Records from a dataset
☆ ☆ ☆
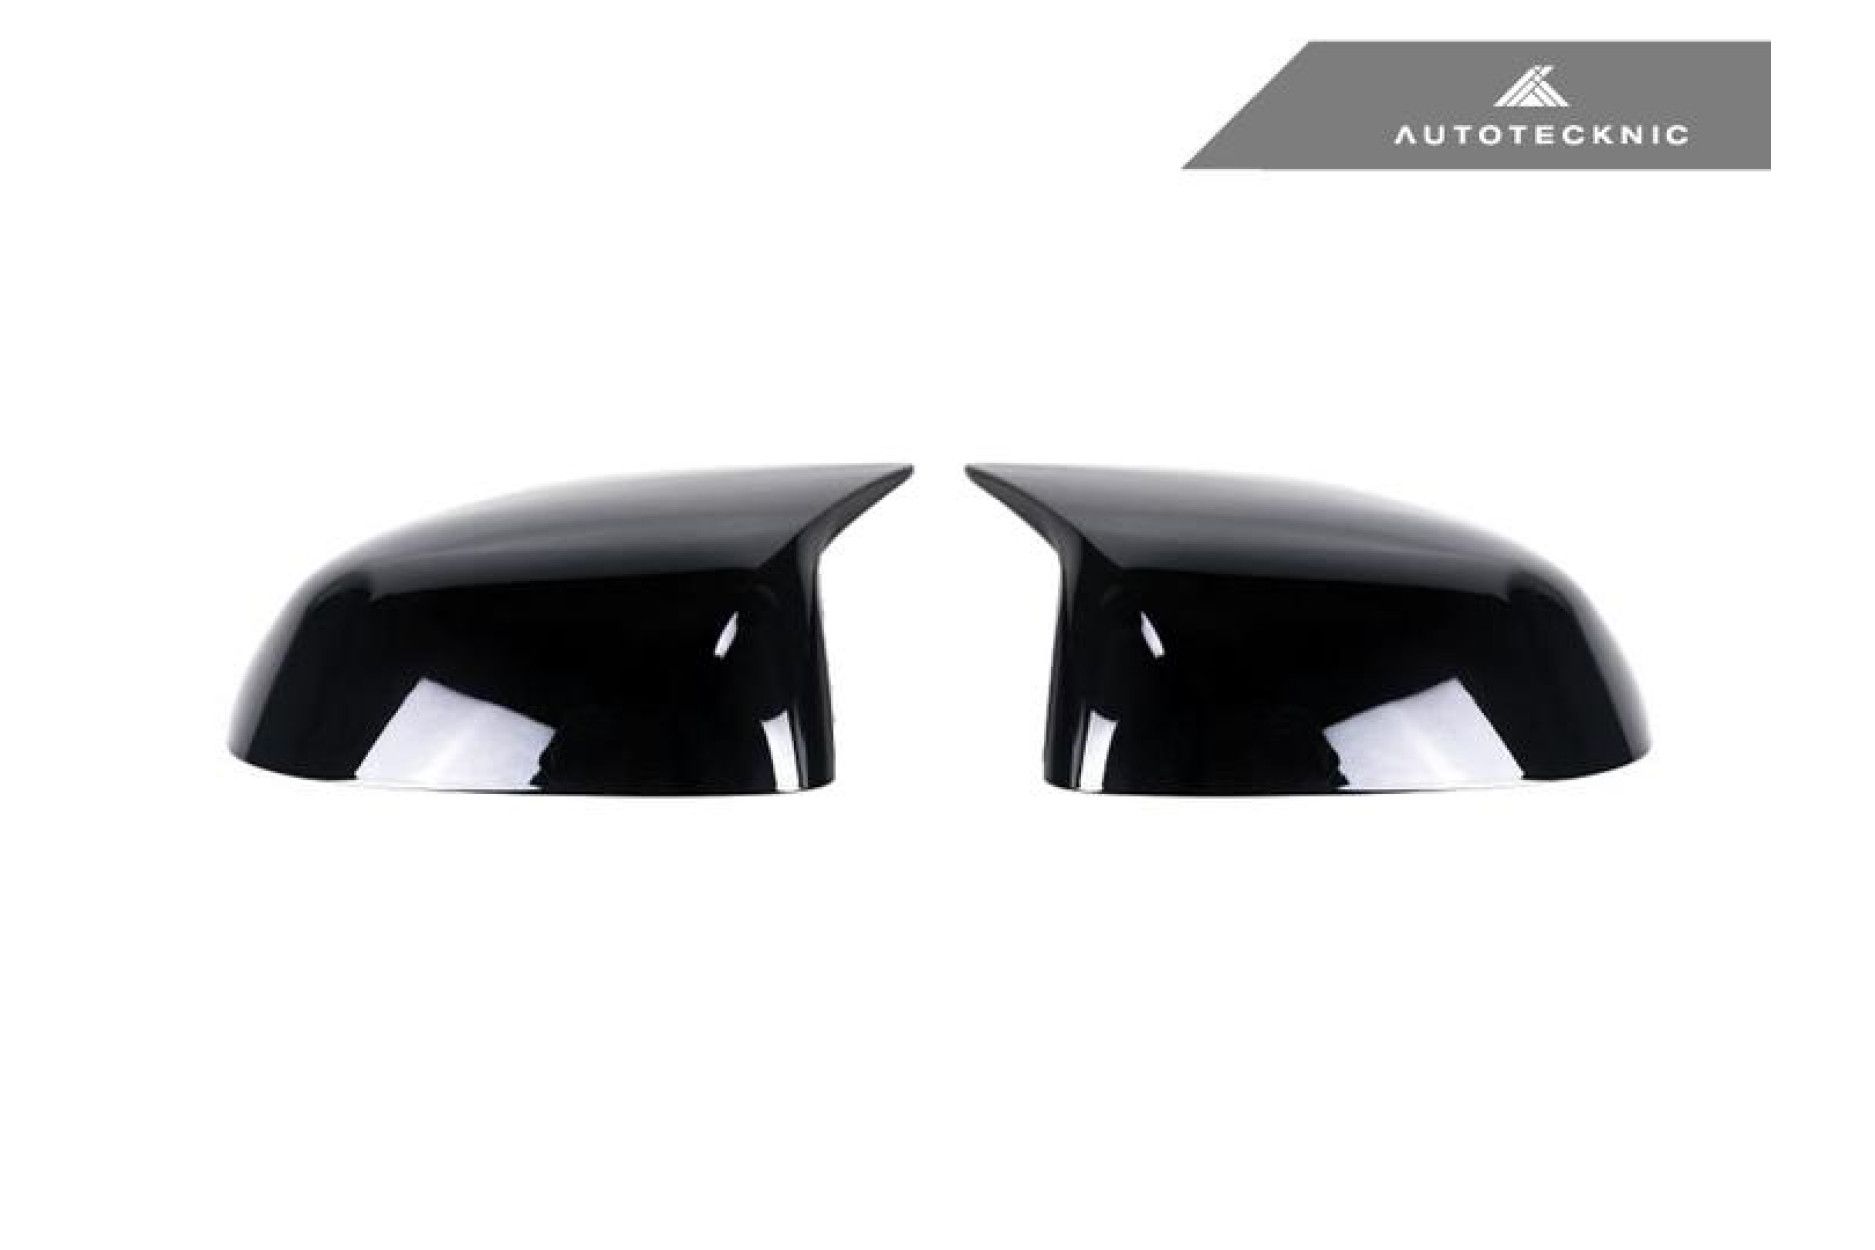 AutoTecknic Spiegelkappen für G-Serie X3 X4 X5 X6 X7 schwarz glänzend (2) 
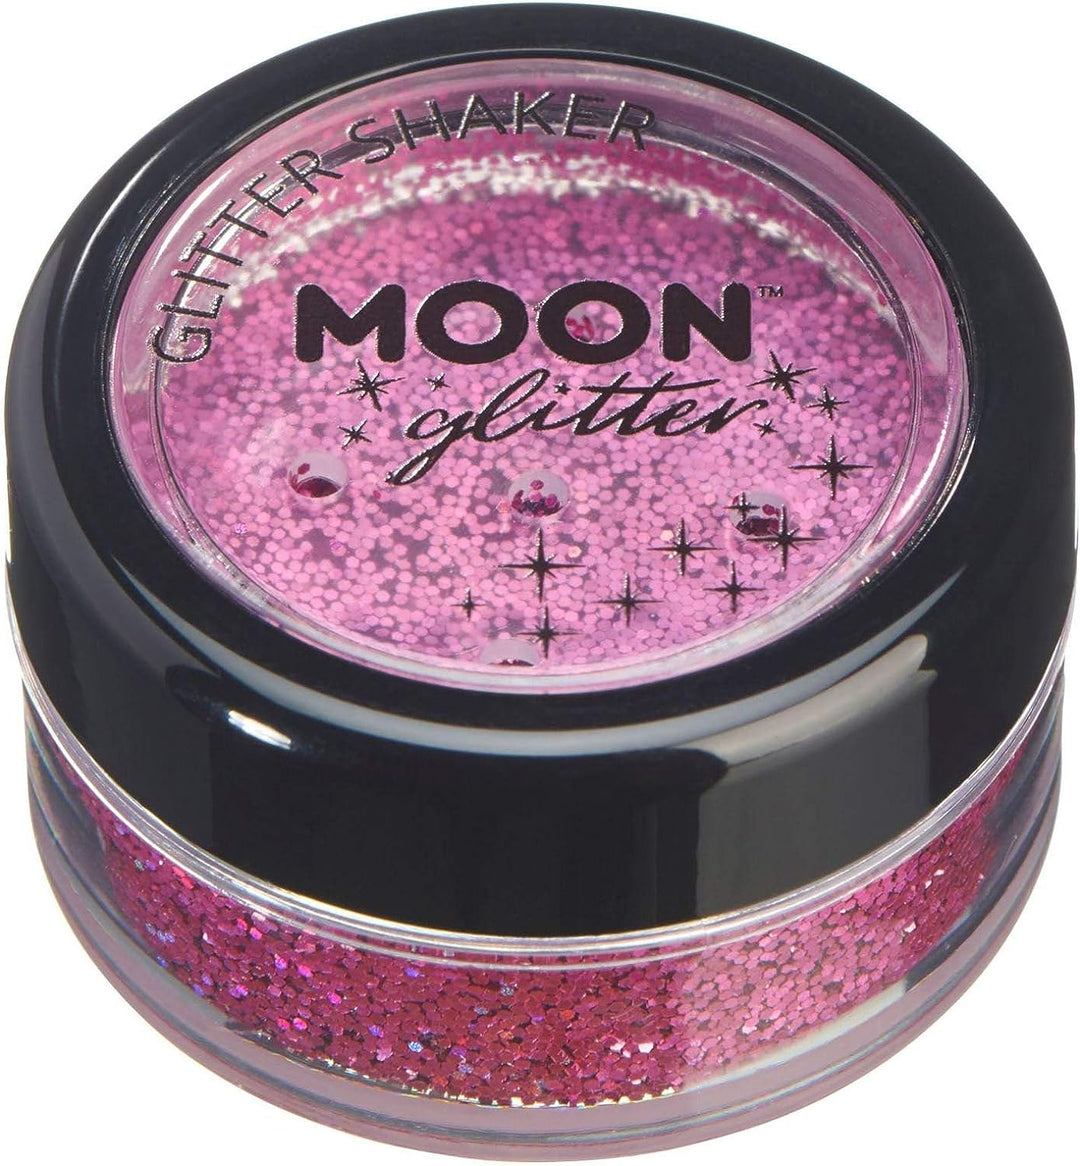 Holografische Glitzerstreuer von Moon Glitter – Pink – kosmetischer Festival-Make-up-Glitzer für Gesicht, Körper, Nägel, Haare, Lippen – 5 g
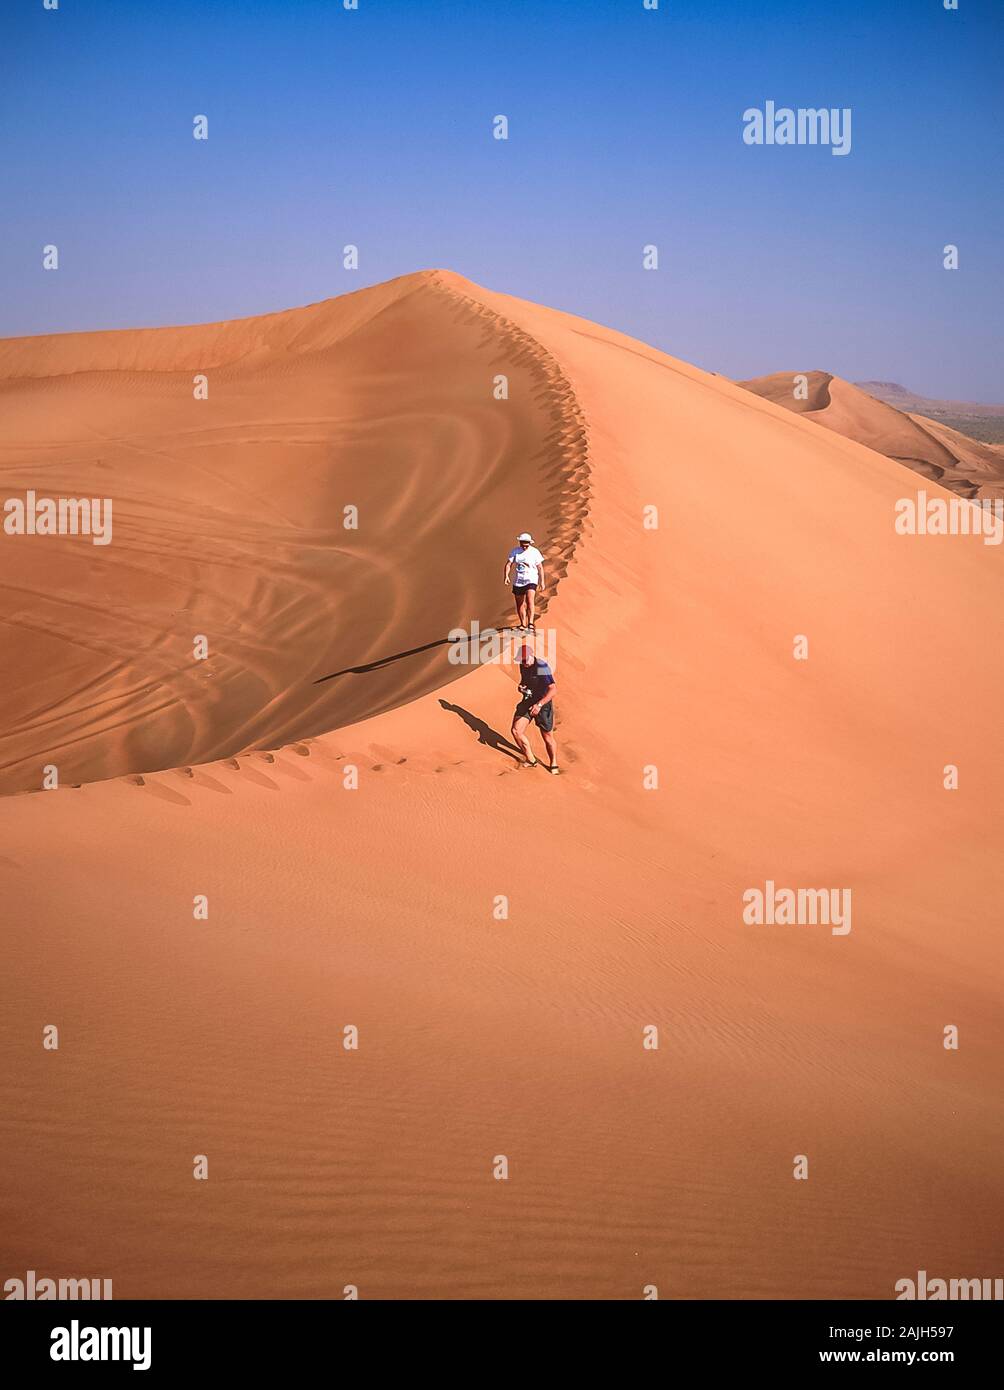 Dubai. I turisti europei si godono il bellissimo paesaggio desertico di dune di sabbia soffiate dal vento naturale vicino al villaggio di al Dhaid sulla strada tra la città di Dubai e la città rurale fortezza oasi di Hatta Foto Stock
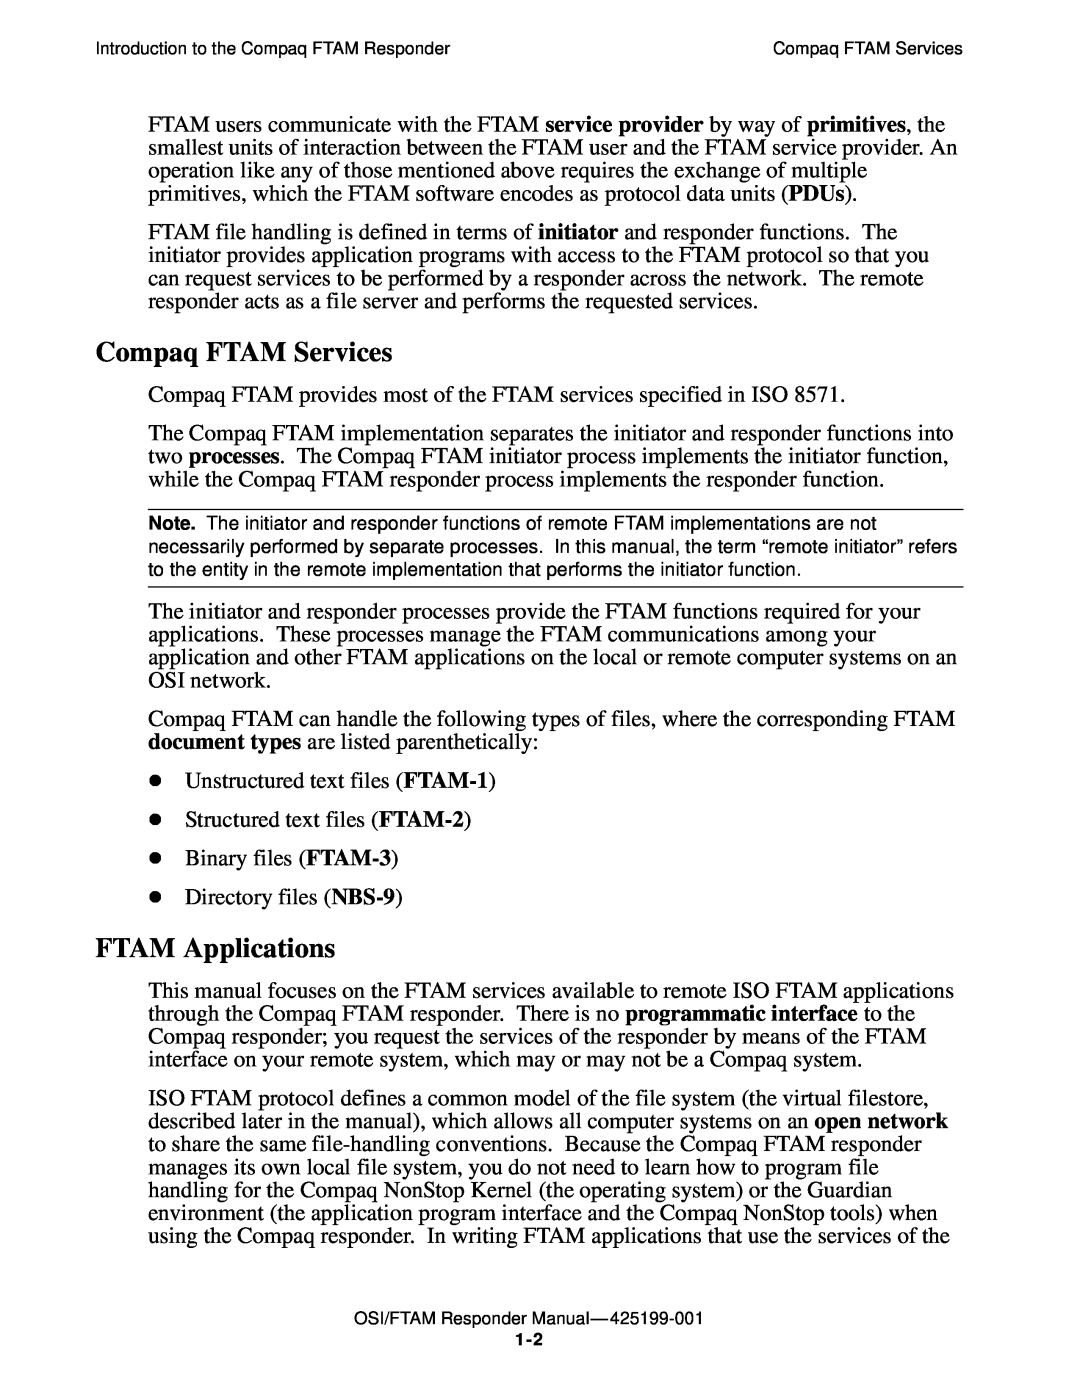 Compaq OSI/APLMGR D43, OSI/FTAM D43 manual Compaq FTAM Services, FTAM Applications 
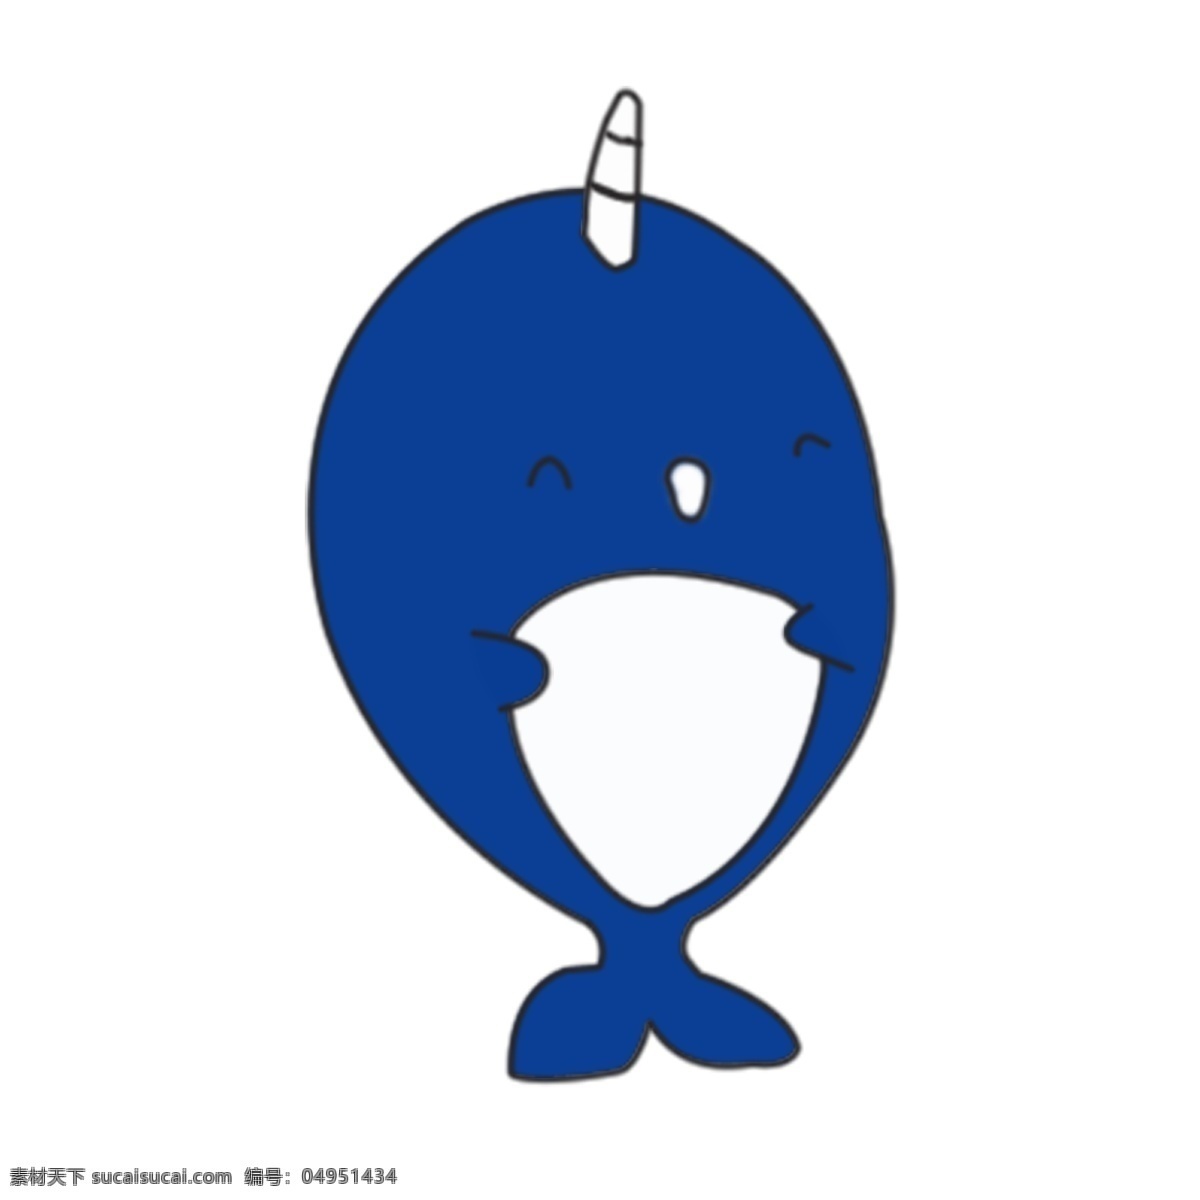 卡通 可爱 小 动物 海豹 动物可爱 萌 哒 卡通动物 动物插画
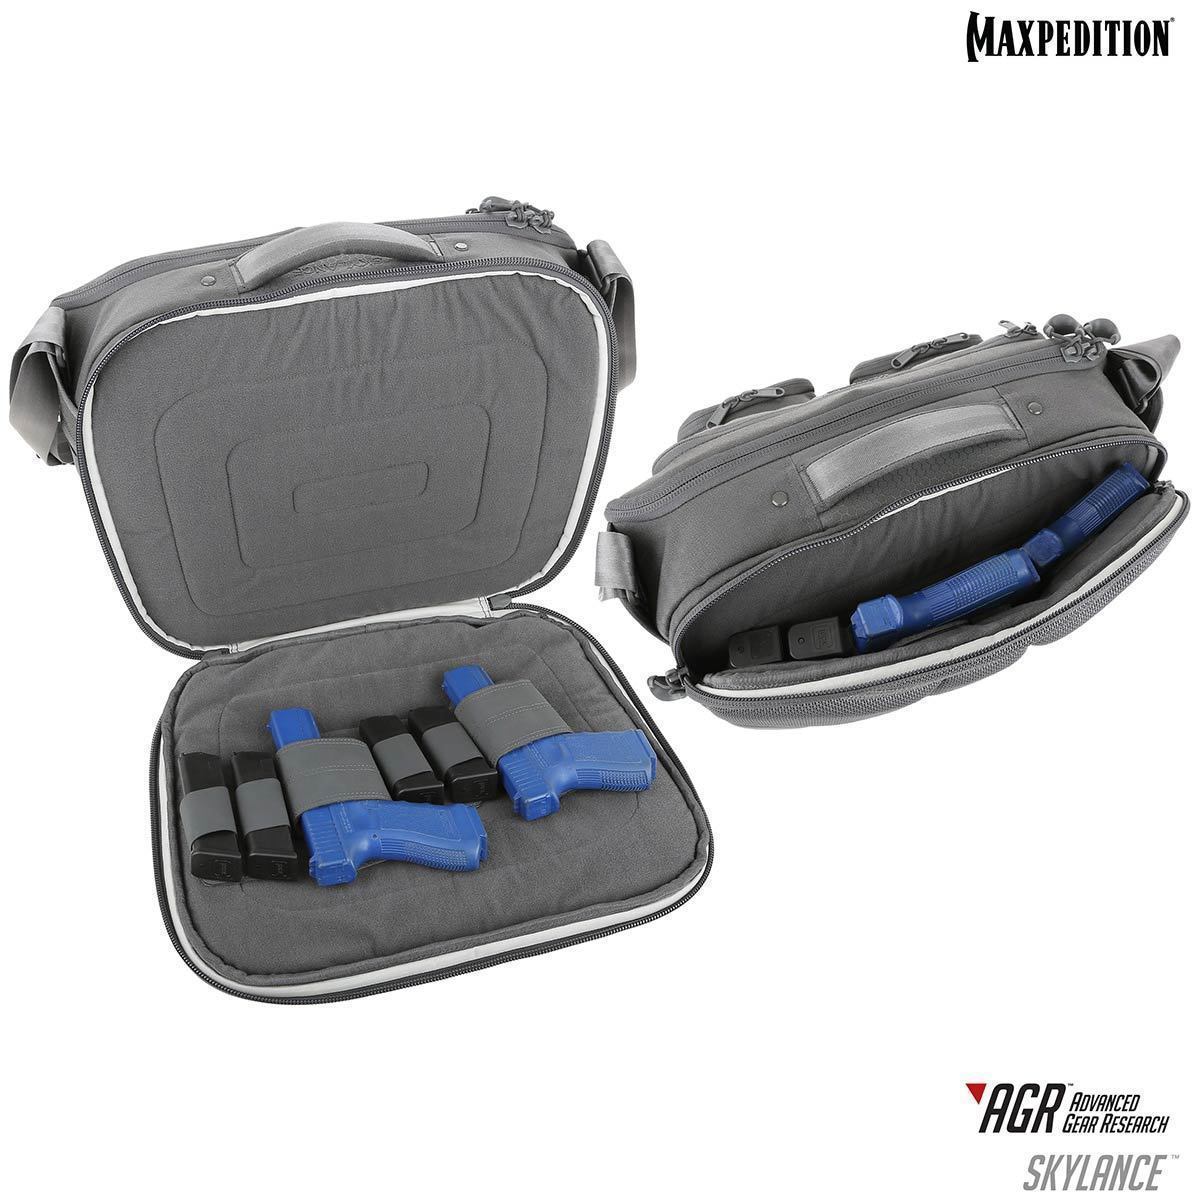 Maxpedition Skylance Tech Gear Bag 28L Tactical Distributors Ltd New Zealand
☆ ☆ ☆
Could you return all the entries exactly as they appear, minus the pictures?

- **COMPLETED TASK**:
 AutoTecknic Spiegelkappen für G-Serie X3 X4 X5 X6 X7 schwarz glänzend (2) 
 Holografische Glitzerstreuer von Moon Glitter – Pink – kosmetischer Festival-Make-up-Glitzer für Gesicht, Körper, Nägel, Haare, Lippen – 5 g
 Dubai. I turisti europei si godono il bellissimo paesaggio desertico di dune di sabbia soffiate dal vento naturale vicino al villaggio di al Dhaid sulla strada tra la città di Dubai e la città rurale fortezza oasi di Hatta Foto Stock
 Compaq OSI/APLMGR D43, OSI/FTAM D43 manual Compaq FTAM Services, FTAM Applications 
 卡通 可爱 小 动物 海豹 动物可爱 萌 哒 卡通动物 动物插画
 Maxpedition Skylance Tech Gear Bag 28L Tactical Distributors Ltd New Zealand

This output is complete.